Fake Guardian Articles Are Tricking People Into Scam Investment Sites
Criminals are building convincing copies of trusted news websites, complete with fake celebrity stories, to push victims toward fraudulent trading platforms.

Key points
- Fraudsters are creating near-identical copies of well-known news websites, including the Guardian, to make fake investment stories look credible.
- The fake articles use real public figures, including billionaire Jim Ratcliffe, to invent dramatic stories designed to build trust.
- Victims are led to fraudulent cryptocurrency and stock-trading platforms where they lose real money.
- There is no regulation requiring social media platforms to verify that linked articles come from the outlets they claim to represent.
A fake news article appears in your social media feed. It carries the Guardian's logo, uses its fonts, and reads exactly like something the paper would publish. The story claims that billionaire Jim Ratcliffe stormed out of a BBC interview after presenter Laura Kuenssberg exposed details of his finances, and that the clip has since been removed from iPlayer.
It didn't happen. None of it did.
But buried in the fake article is a link. It points to an online investment platform, described as a secret tool Ratcliffe uses to grow his wealth, one that ordinary people can supposedly access too. Click through, and you arrive at a fraudulent trading site designed to take your money.
This is a form of social engineering, meaning criminals engineer a believable situation to make you act before you think. The fake news story is the trap door.
The pages themselves are sophisticated. Investigators who have reviewed similar sites describe them as "a very good clone," as first reported by the Guardian. The mimicry extends to article layouts, author bylines, and even comment sections. Nothing visually signals danger.

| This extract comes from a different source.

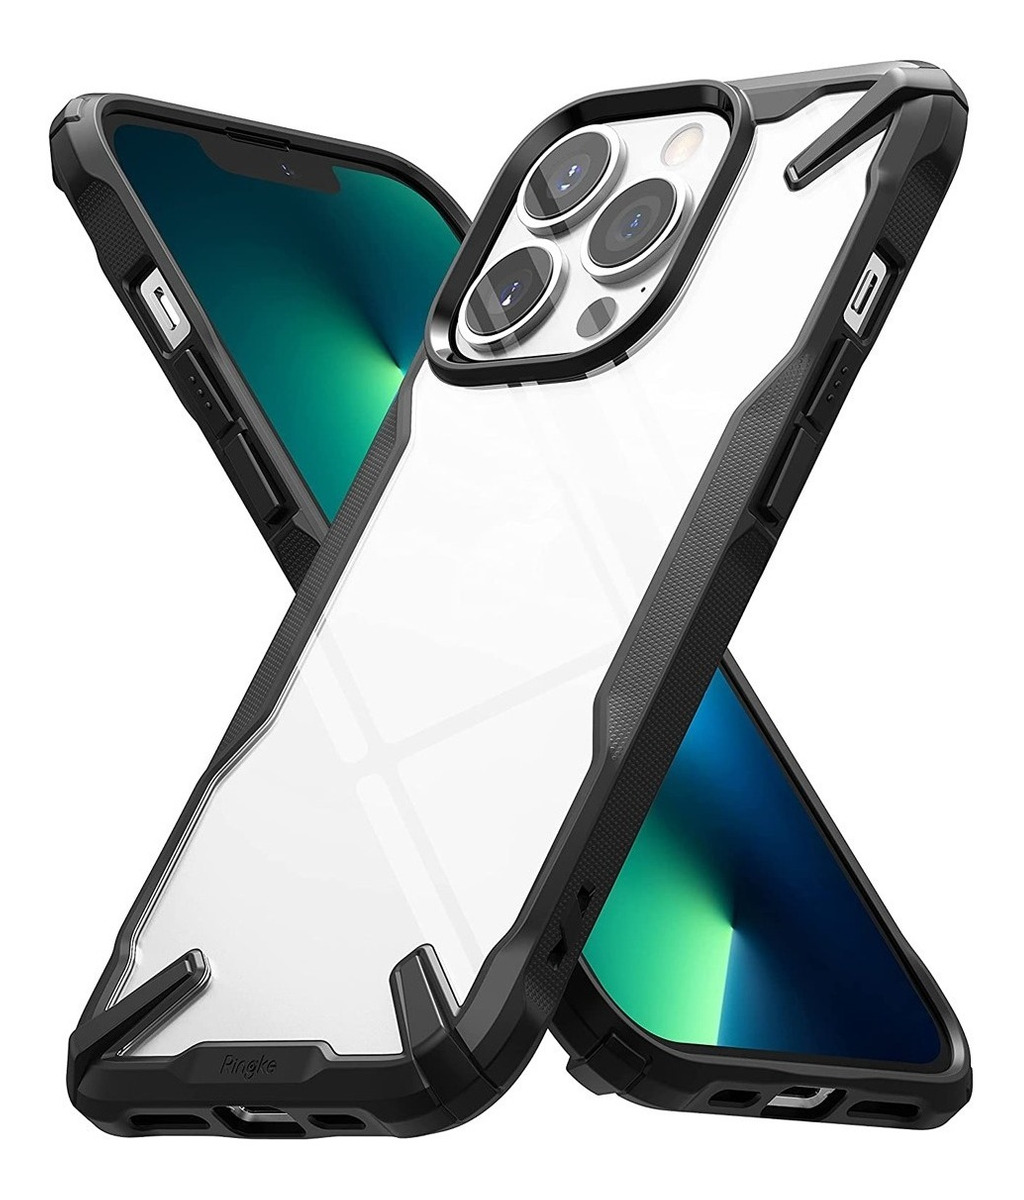 FUNDA RINGKE FUSION X IPHONE 13 PRO MAX NEGRO

The scam follows a pattern regulators in the UK and Europe have seen grow sharply over the past two years. A victim deposits a small amount on the fake platform, sees an apparent profit on screen, deposits more, and then finds they cannot withdraw anything. The "profits" were never real.
Should ordinary people worry about this?
Yes, because the warning signs are subtle and the sites are built to defeat a quick glance. The fake article looks exactly like a real one.
A few practical checks help. First, go directly to the news outlet's own website by typing its address into your browser rather than clicking a social media link. If the story does not appear there, it does not exist. Second, search the name of the investment platform independently. Legitimate platforms are registered with the Financial Conduct Authority (FCA), the UK government body that oversees financial firms. The FCA publishes a free public register at fca.org.uk where you can check any firm in seconds. Third, treat any article that ends with an investment link as a red flag, no matter how convincing the surrounding text looks.
On the regulatory side, the UK's Online Safety Act places new duties on platforms to reduce fraudulent advertising, and Ofcom is currently finalising enforcement guidance. The rules are on the books. Enforcement is the next test.
If you have already sent money to a platform like this, contact your bank immediately and report the site to Action Fraud at actionfraud.police.uk.